Data has also shown that shadow banking‘s share of “collective investment vehicles,” which includes bond funds, hedge funds, money markets and mixed funds, have increased by 130 percent to reach $36.7 trillion. In addition, nonbank financials have grown 61 percent to $185 trillion. By comparison, traditional bank assets had a 35 percent boost to reach $148 trillion during that same period.

While the U.S. still makes up most of the sector with $15 trillion in assets, China’s $9.1 trillion shadow banking industry is actually on the decline.

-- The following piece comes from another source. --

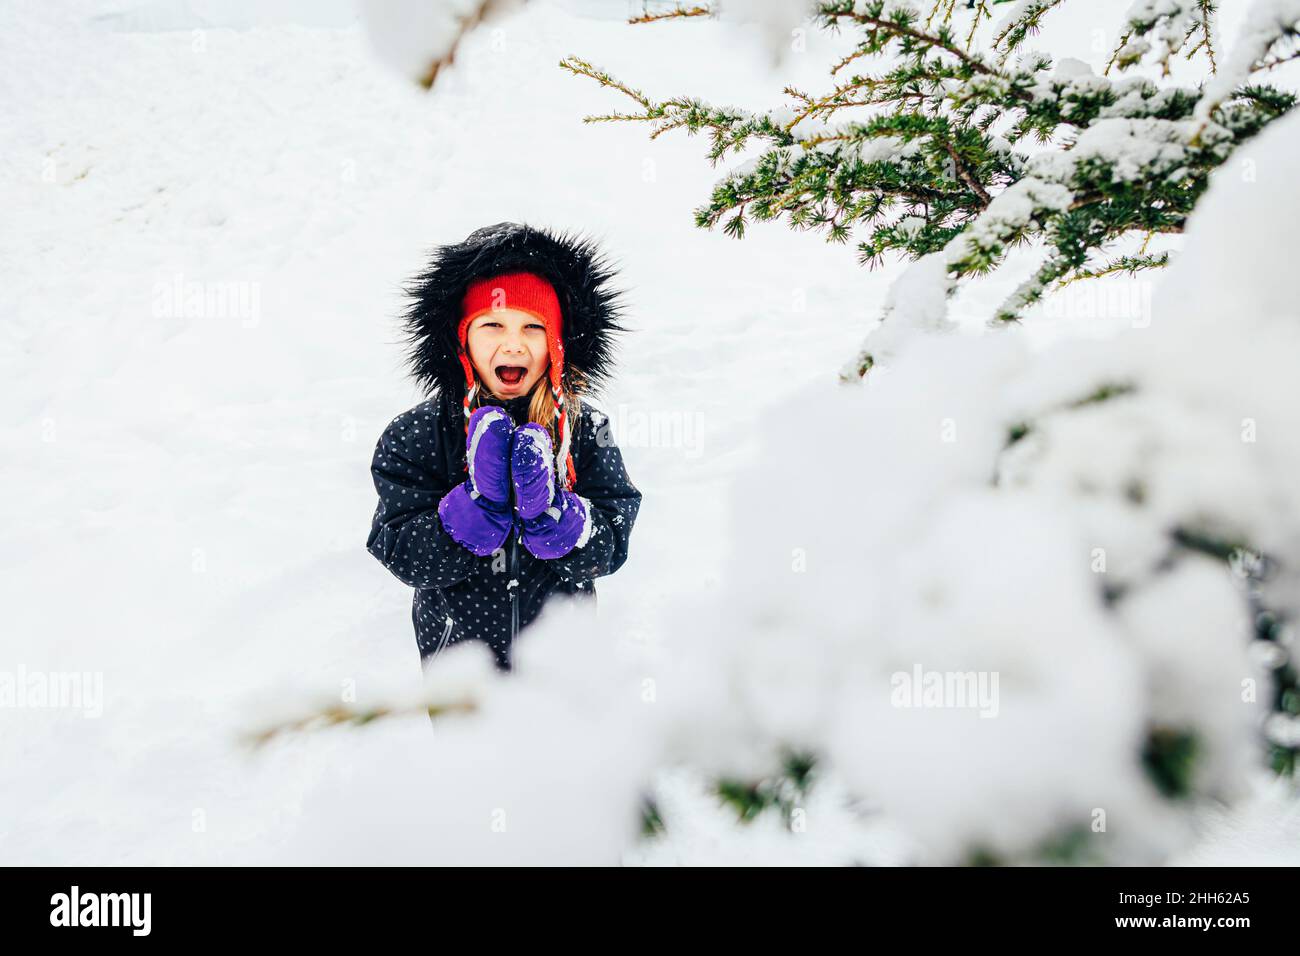 Una chica que llevaba anorak gritando en las vacaciones de invierno Foto de stock

In fact, the country’s regulators have gotten tough in recent years, causing outstanding loans in the sector to fall to ¥61.3 trillion ($9.1 trillion USD) last year, down about 6.5 percent from the end of 2017 and hitting their lowest level since 2016.

In his annual letter to investors, JPMorgan Chase CEO Jamie Dimon warned about the risks of shadow banking, writing that “the growth in non-bank mortgage lending, student lending, leveraged lending and some consumer lending is accelerating and needs to be assiduously monitored.”

And bond ratings agency DBRS revealed the three major risks the sector poses when there is market stress, including a lack of structure to handle times of low liquidity and heavy withdrawals, not enough expertise during periods of weakening credit conditions and a lack of earnings diversification when some parts of the markets are falling.

“A sharp rise in rates would impose sizable mark-to-market losses and diminish fund returns,” DBRS explained. “In some circumstances, this deterioration in performance might result in large investor outflows and greater potential for forced asset sales. Such outflows might spill over into other funds and the markets more broadly.”